I finished my cycle yesterday and saw the doctor for an ultra sound and some blood work.  First I should mention that my cycle was much heavier than normal. I asked the doctor about this and he told me that it was a result of the Estrace, not the Ganirelix. They then checked in the U/S to make sure that my follicles were "resting" and the blood work was to check my progesterone and estradiol levels, which all came back normal. Yay!:) He also told me I can still work out until next Tuesday! I'm very excited!:) It just helps my blood sugar control so much, and with all the medication I'm starting, I'll take all the help I can get!:) There are restrictions though....I can only do the Elliptical machine and do weights with my arms. No squats and No abdominal workouts.

Now this morning I started Dexamethasone (Steroid) 0.5mg, Cipro (Antibiotic) Follistim 225 units and Menopur. With the Follistim and Menopur there was no irritation at the injection site.

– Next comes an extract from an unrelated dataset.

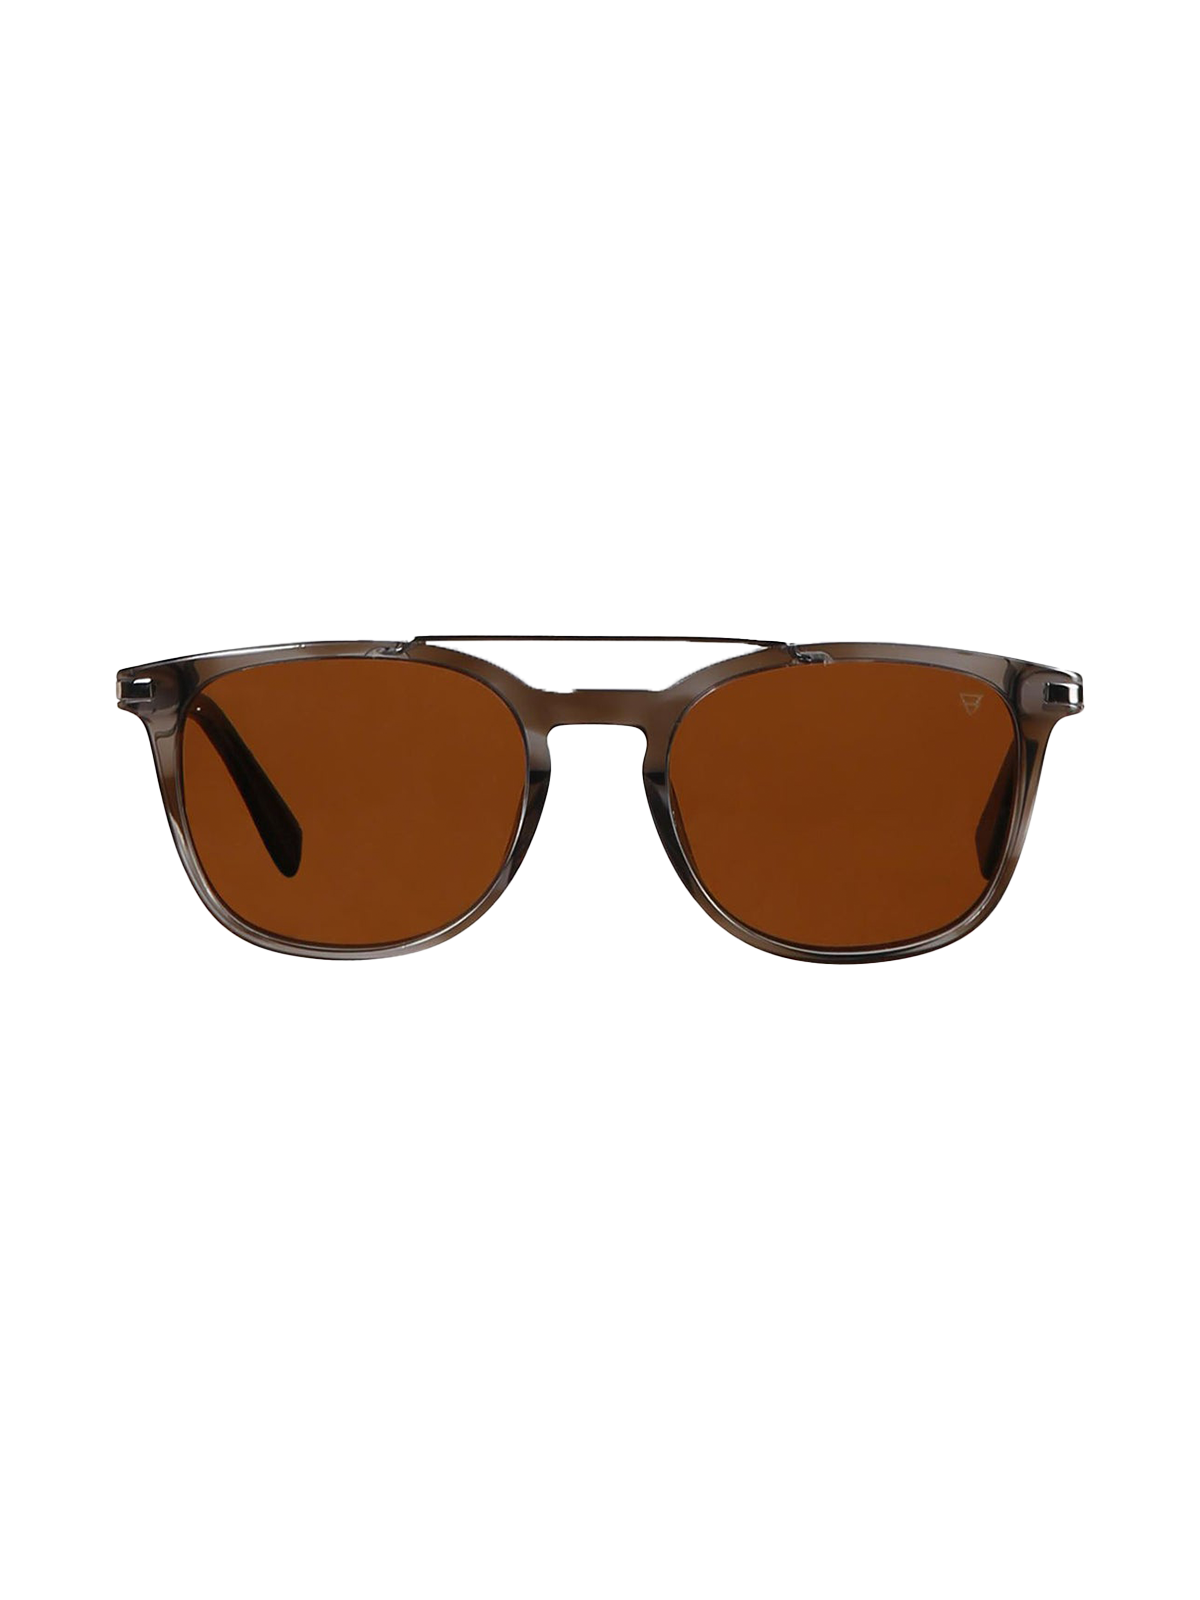 Duero 1 Unisex Sunglasses | Black
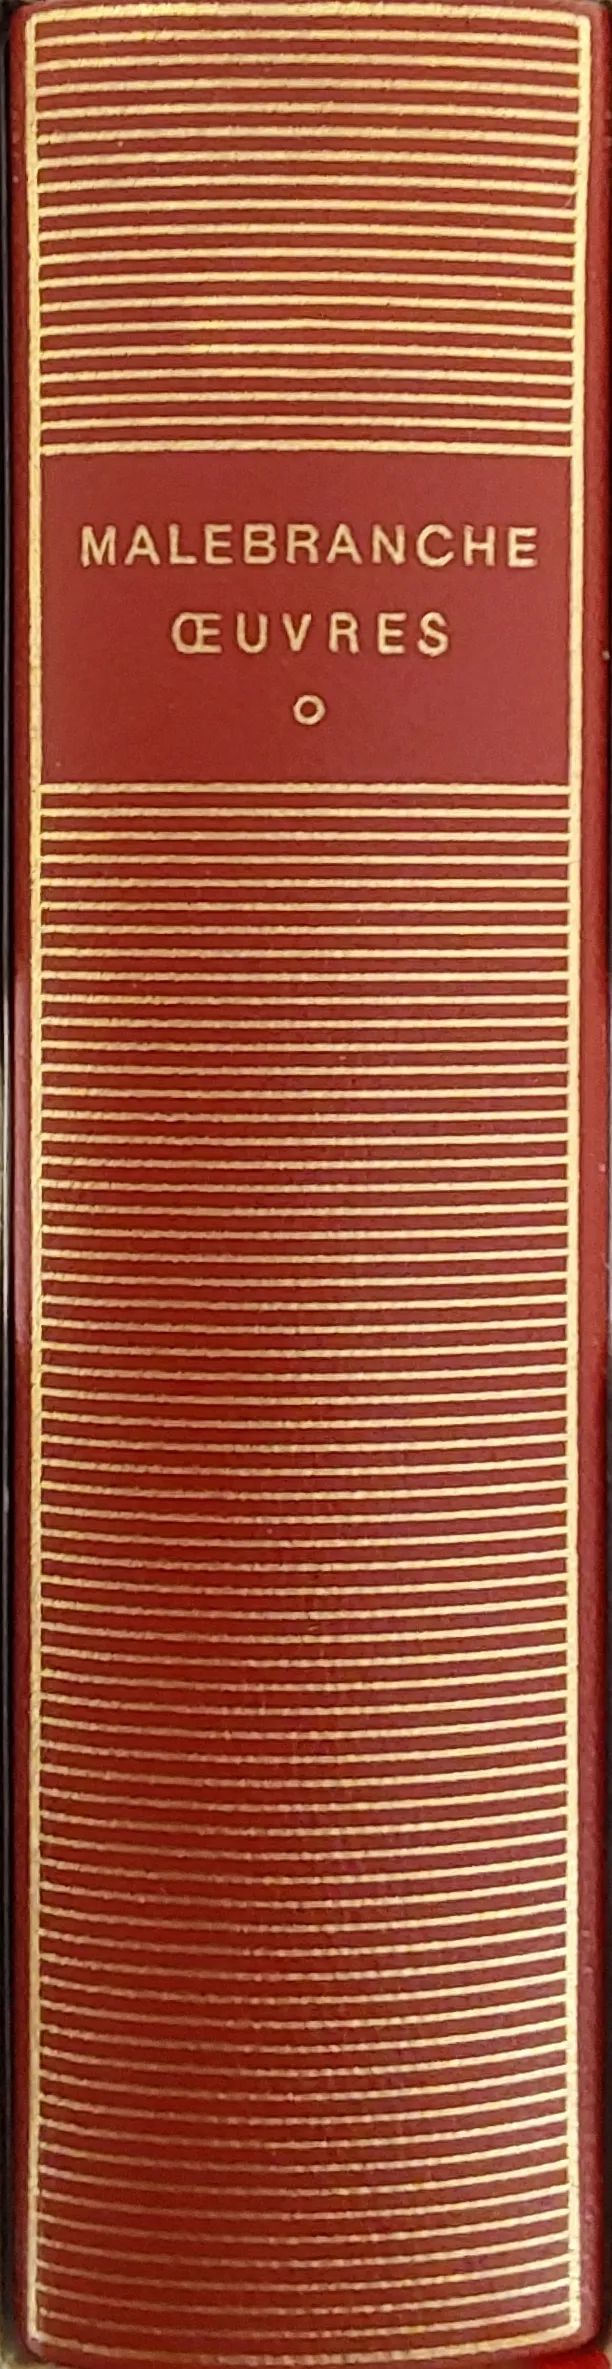 Volume 277 de BNicolas Malebranche dans la bibliothèque de la Pléiade.

This is only my first round, so I can honestly say that I haven't seen any real issues with my sugars yet and I feel ok. I wanted to blame them for my high blood sugar around lunch...but reality of that, it was probably all the pretzels I ate after my low blood sugar....oops! I did go to the gym today though so that did help bring down my sugars. We'll see how it goes as more medication gets circulating throughout my body! I'll be doing injections every 12 hours at least for the next 10 days or so. So we'll see how it all goes! I also did my acupuncture today as well, which is helpful in so many ways...including relaxing! My goal over the next weeks is just to chill out as much as possible and make sure my sugars are in good control! I'll keep you posted on what happens as I get more into the cycle!